Motivation
Service locator is a common mode during system development. The pattern can be found in the inversion of control containers and the dependency injection pattern written by Martin Fowler. Service locator defines the responsibility of generating, storing, and obtaining objects in the BLL layer, so that the system does not need to know how to generate and store objects when obtaining objects, effectively reduces system coupling.
At the same time, learning service locator brings the concept of space into the architecture design. When designing the architecture, you can use service locator as the encapsulation of the architecture space. Create an object generated by the object and store it in the service locator so that the target architecture "exists" and a group of objects can be used.
This article introduces the implementation of a service locator, which defines the responsibilities and interactions between objects to complete the functions and responsibilities that the service locator should provide. Make a record for yourself and hope to help developers who need it.
Structure
The usercountservice created by [Architecture Pattern] repository is used as an example. In addition, The bll layer uses service locator to encapsulate the generation, storage, and retrieval of usercountservice objects. The sample structure is as follows:
Major participants include:
Servicelocator
-Provides the object storage function for the system.

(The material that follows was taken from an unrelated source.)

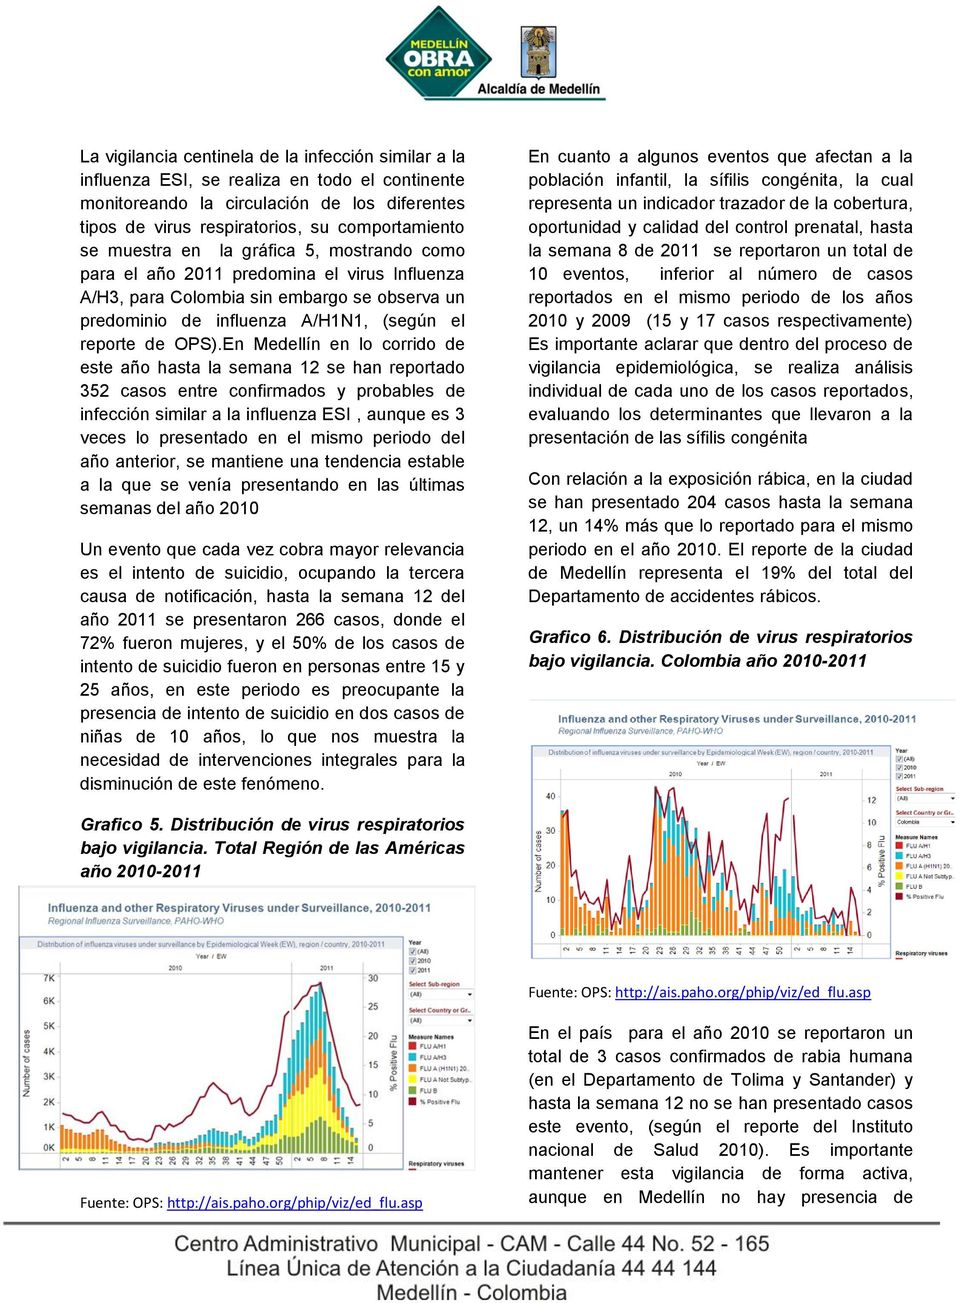 En Medellín en lo corrido de este año hasta la semana 12 se han reportado 352 casos entre confirmados y probables de infección similar a la influenza ESI, aunque es 3 veces lo presentado en el mismo

-Provides storage objects for the system.
Client
-Use the usercountservice in servicelocator memory.
Usercountservice
-Use user data in the system to calculate various counts.
-Generated by the client or servicelocator.
The following figure shows the interaction process between objects.
Practice
Service locator is composed of two types of operation logic: positioning logic and generation logic. The positioning logic is the core of the entire service locator. It defines the responsibilities of Object Storage and object acquisition. Objects must be generated before they can be used. The generation logic defines the responsibility of object generation. Then, a set of service locator is implemented to parse the operation logic in the service locator and help developers understand the service locator mode.
Model column download
For more information, see servicelocatorsample.
Positioning Logic
First, create the servicelocatorsample. BLL project, and create a servicelocator object to encapsulate the positioning logic of service locator: servicelocator provides the setinstance method, allowing the system to store various types of objects. In addition, servicelocator provides the getinstance method, allowing the system to retrieve previously stored objects.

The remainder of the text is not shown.